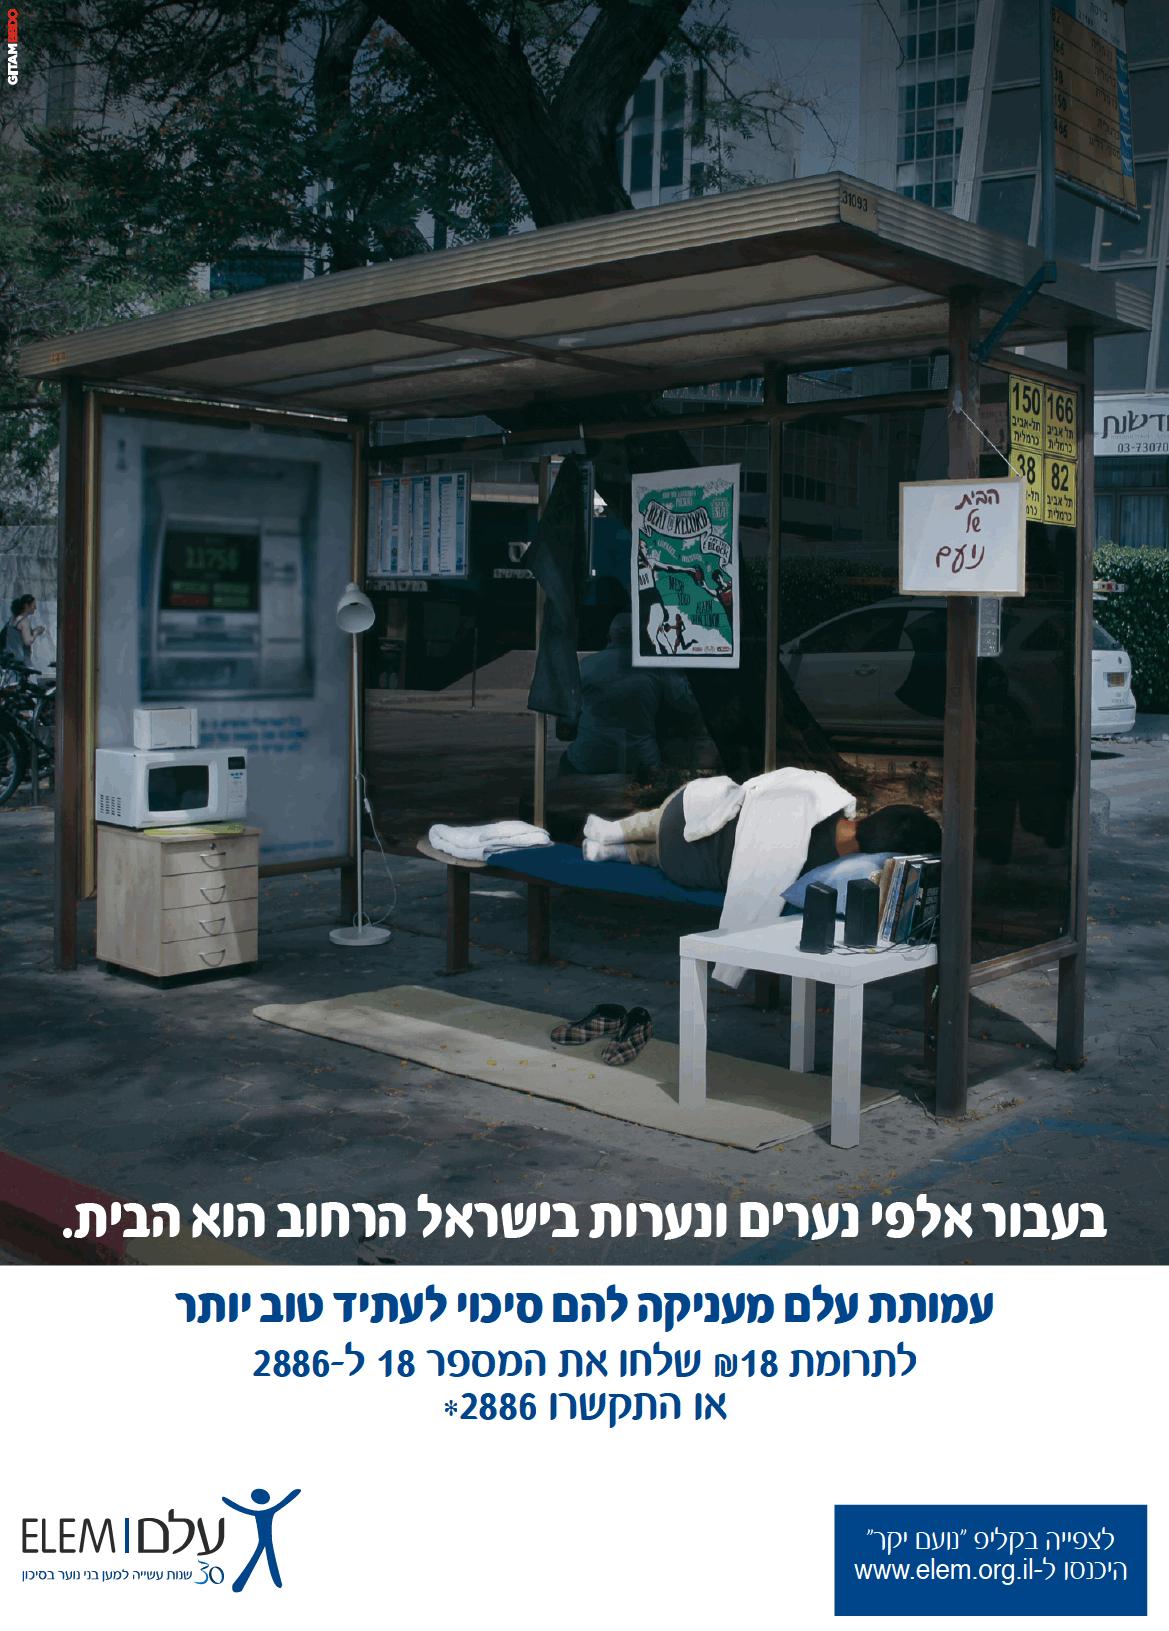 עמותת עלם - בעבור אלפי נערים ונערות בישראל הרחוב הוא הבית
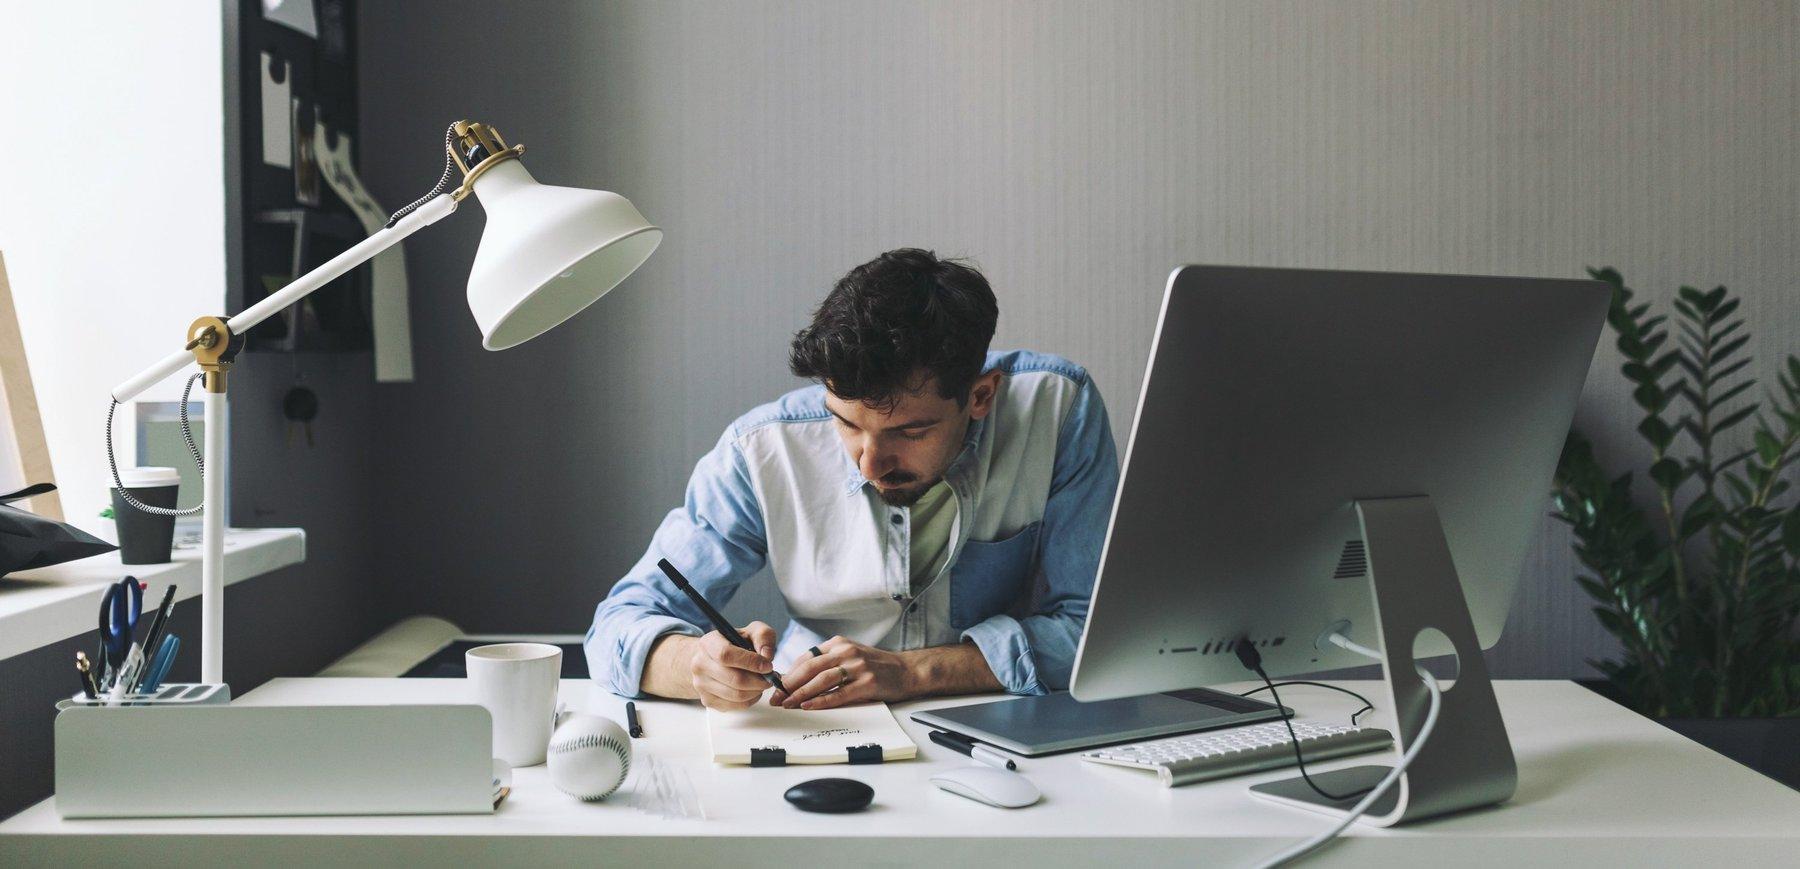 Digital Marketing Best Practices mit G Suite
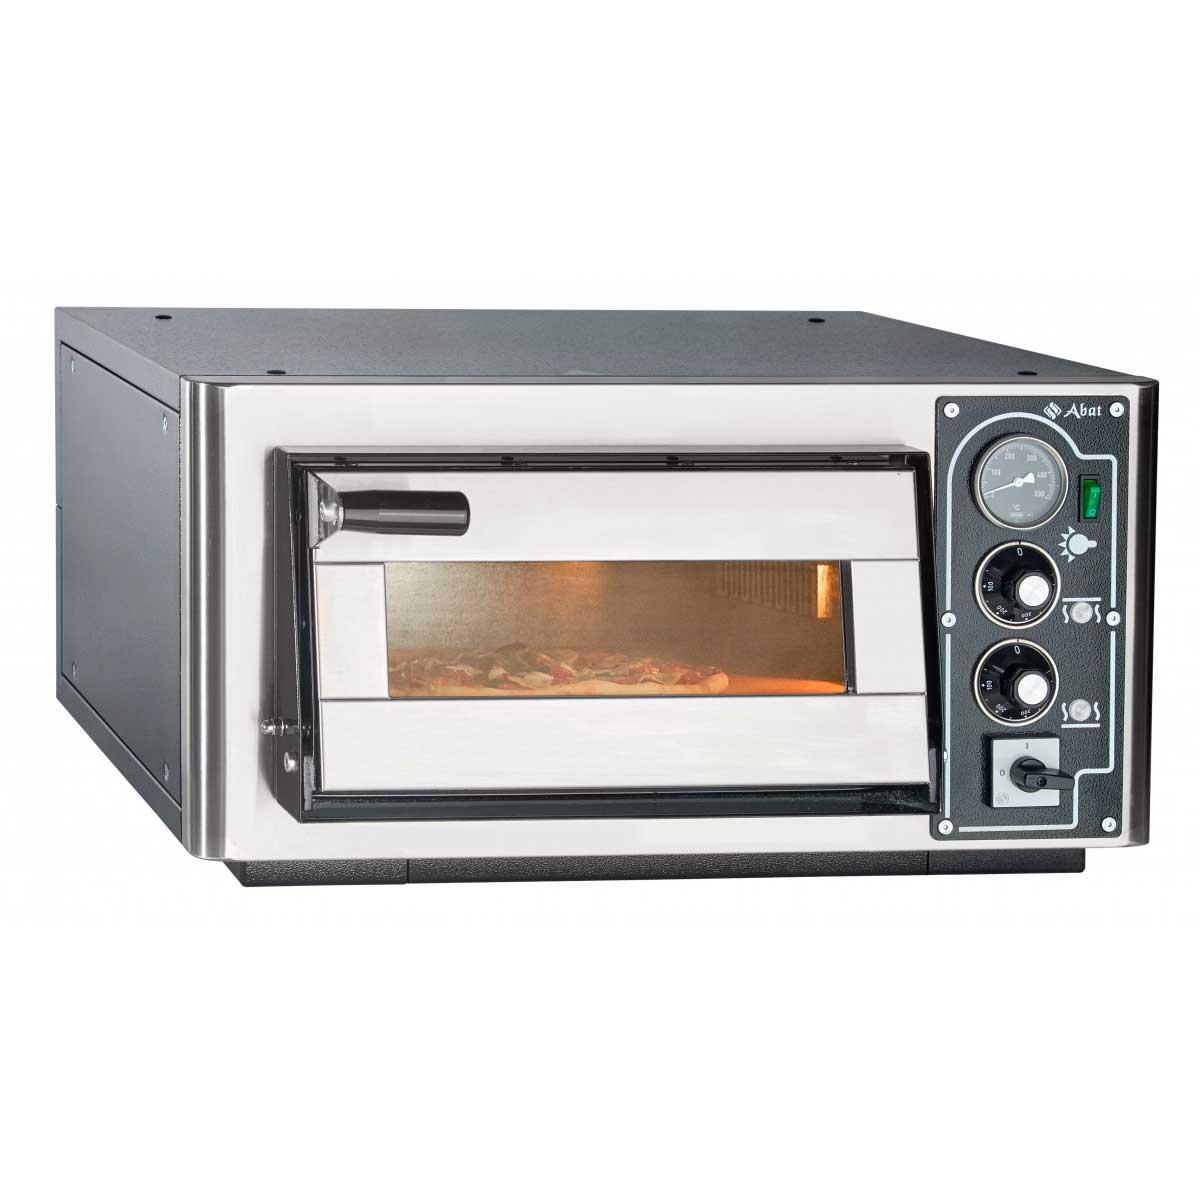 Новинка: подовая печь для пиццы ПЭП-1 торговой марки «Abat»
++++++++++++++++++++
> Problem description: The expected result is the data above in exact form, free of pictures.

> Answer to the exercise:
 עמותת עלם - בעבור אלפי נערים ונערות בישראל הרחוב הוא הבית
 Digital Marketing Best Practices mit G Suite
 Новинка: подовая печь для пиццы ПЭП-1 торговой марки «Abat»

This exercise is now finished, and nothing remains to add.